THE TASK: Reproduce the lines below exactly, from the one containing "Photo of Qutub Minar By Tushar Parihar" through the one containing "Cycling Helmet Mockup 78943", both included. Leave out any pictures.

DATA IN THIS EXERCISE:
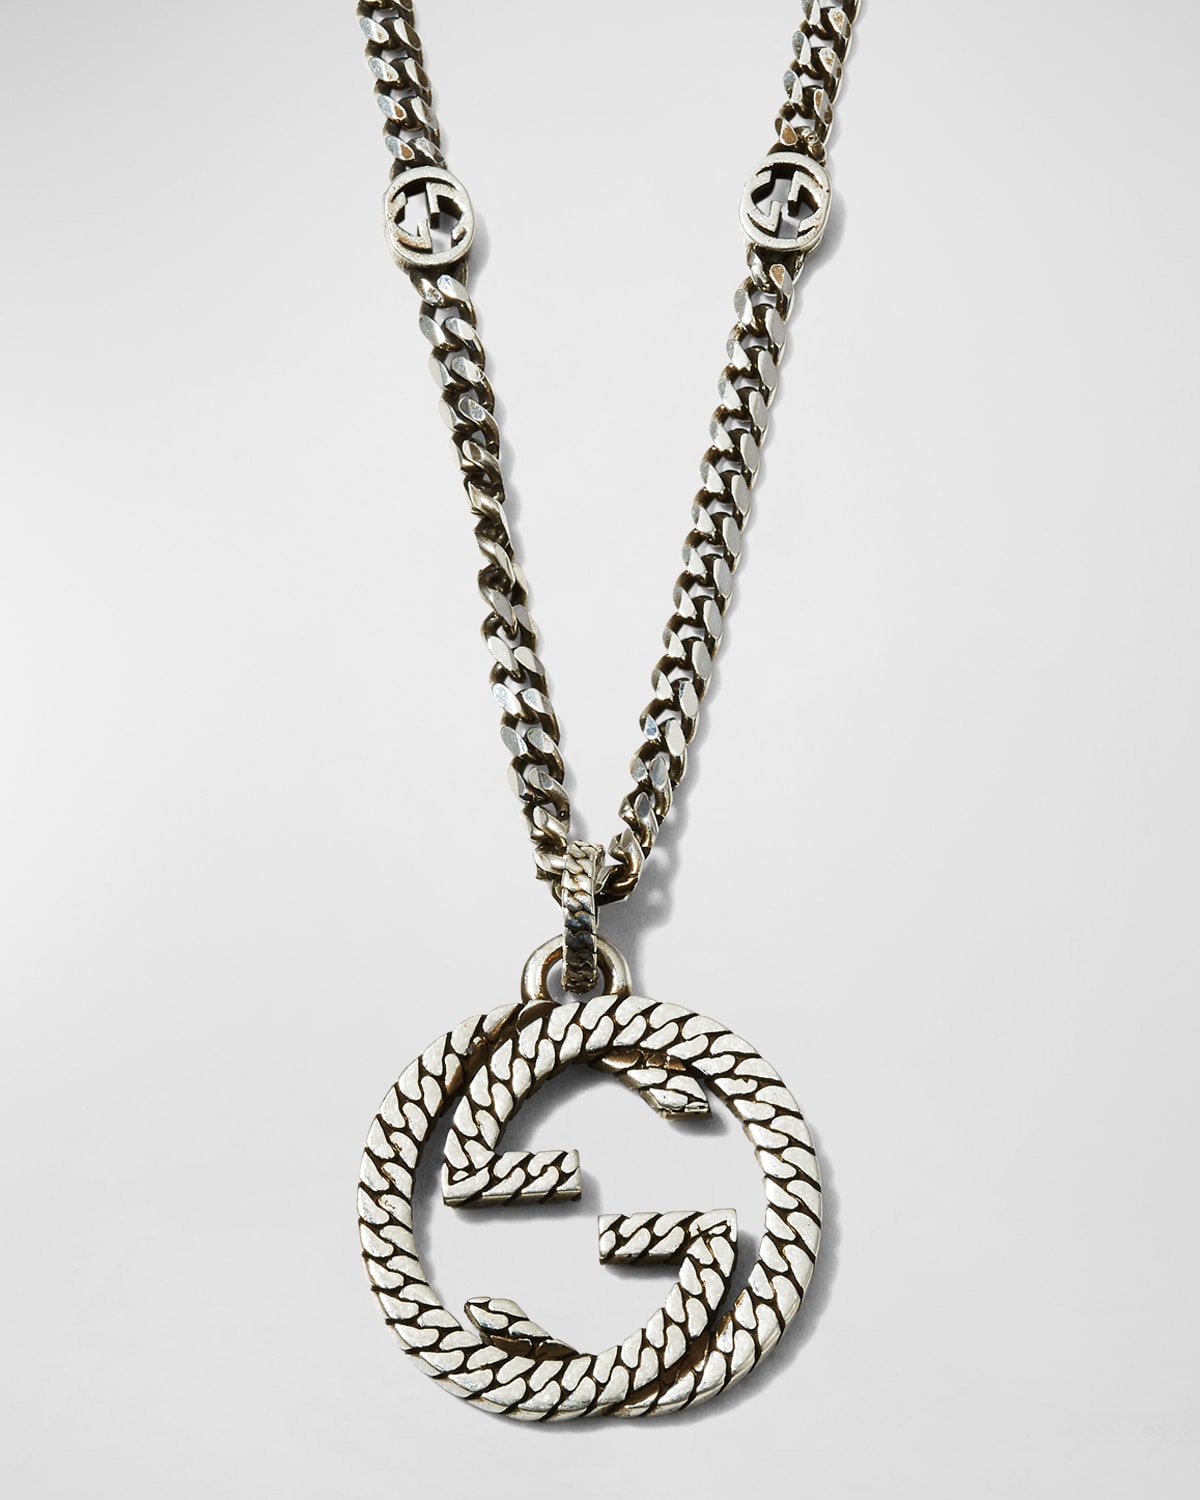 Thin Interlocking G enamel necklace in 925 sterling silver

---

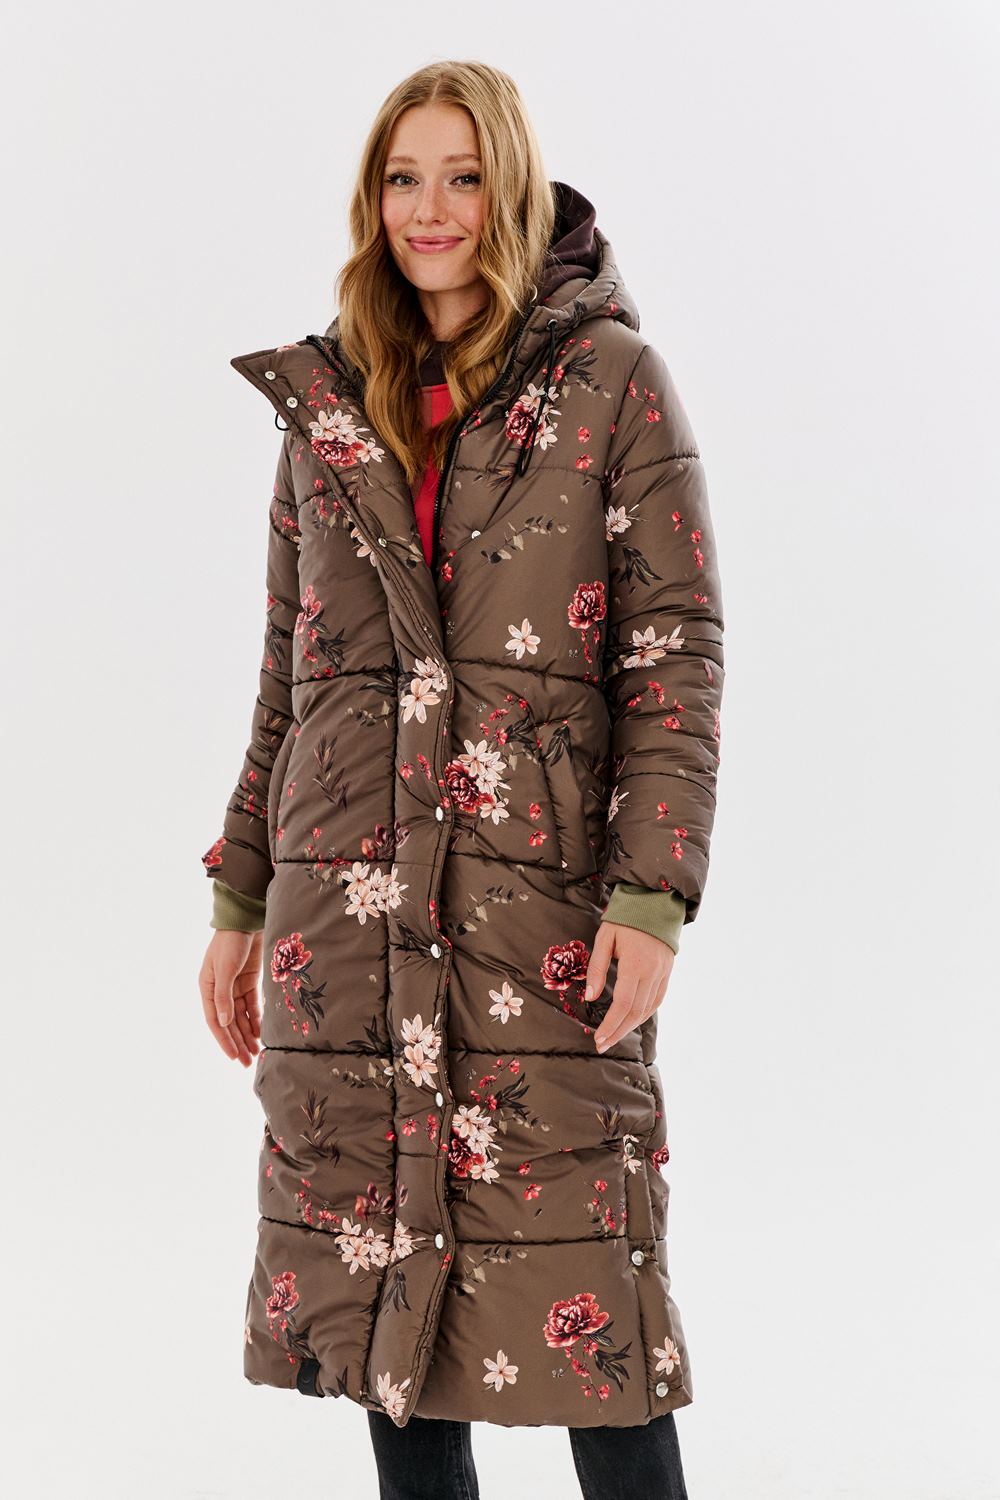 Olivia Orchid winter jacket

--

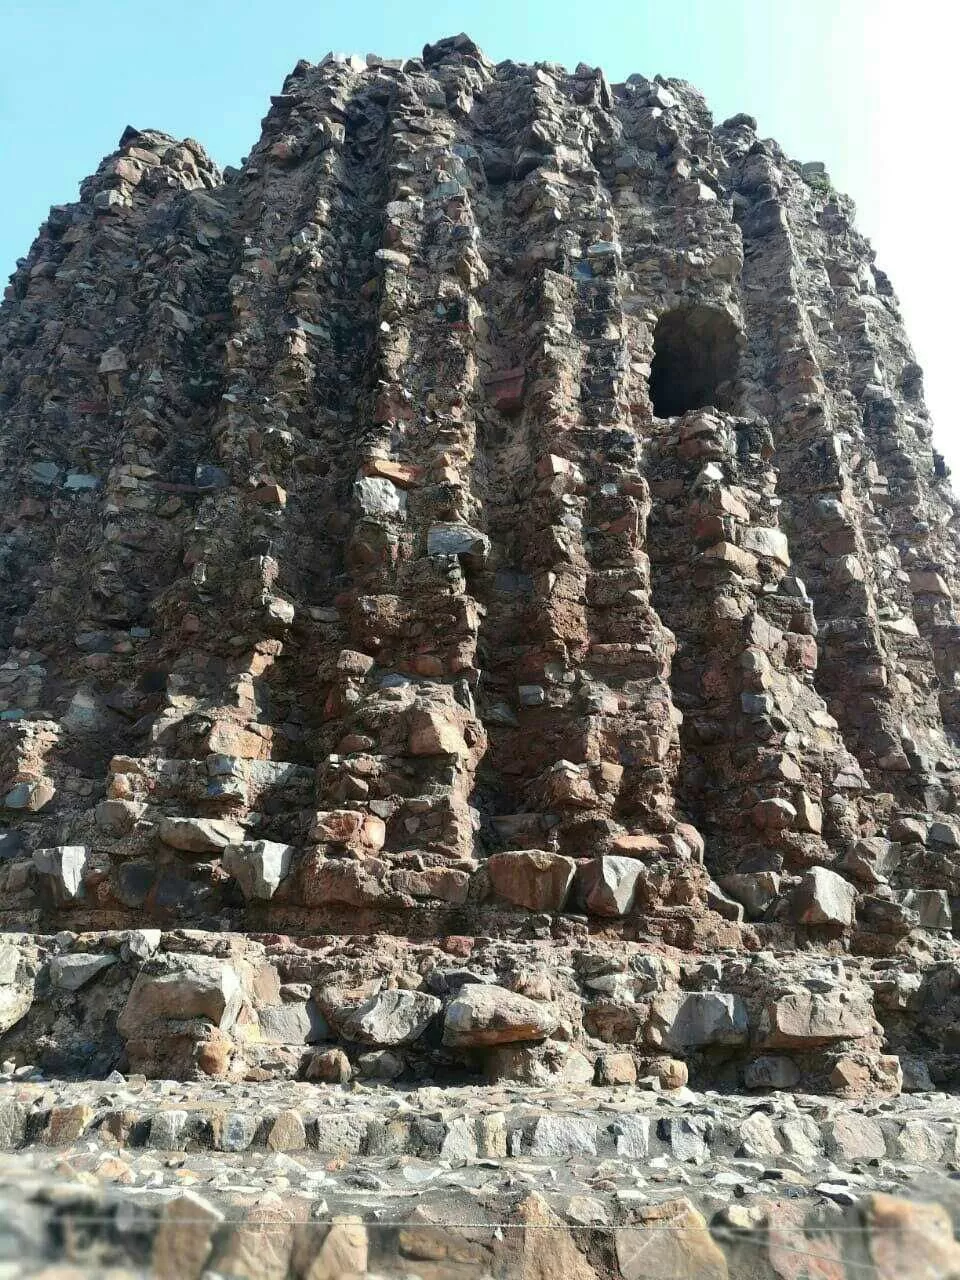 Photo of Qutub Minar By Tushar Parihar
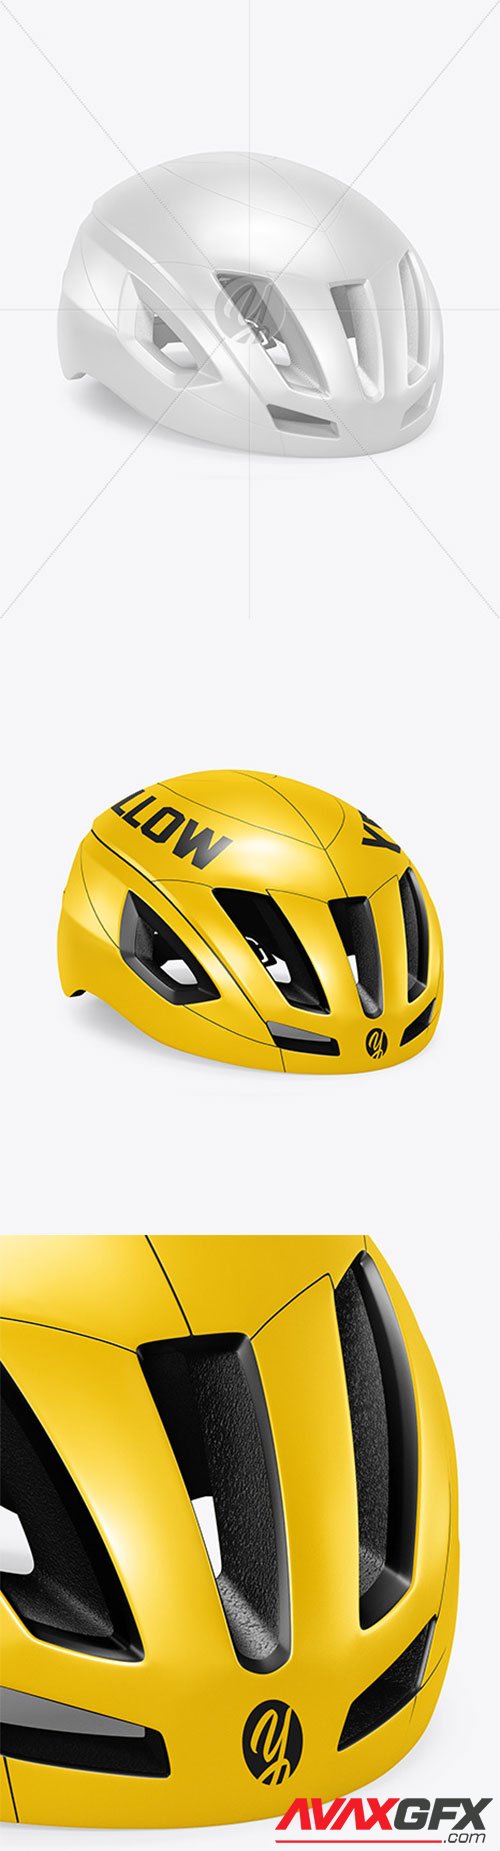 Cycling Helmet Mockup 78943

FINISHED EXERCISE:
 Photo of Qutub Minar By Tushar Parihar
 Cycling Helmet Mockup 78943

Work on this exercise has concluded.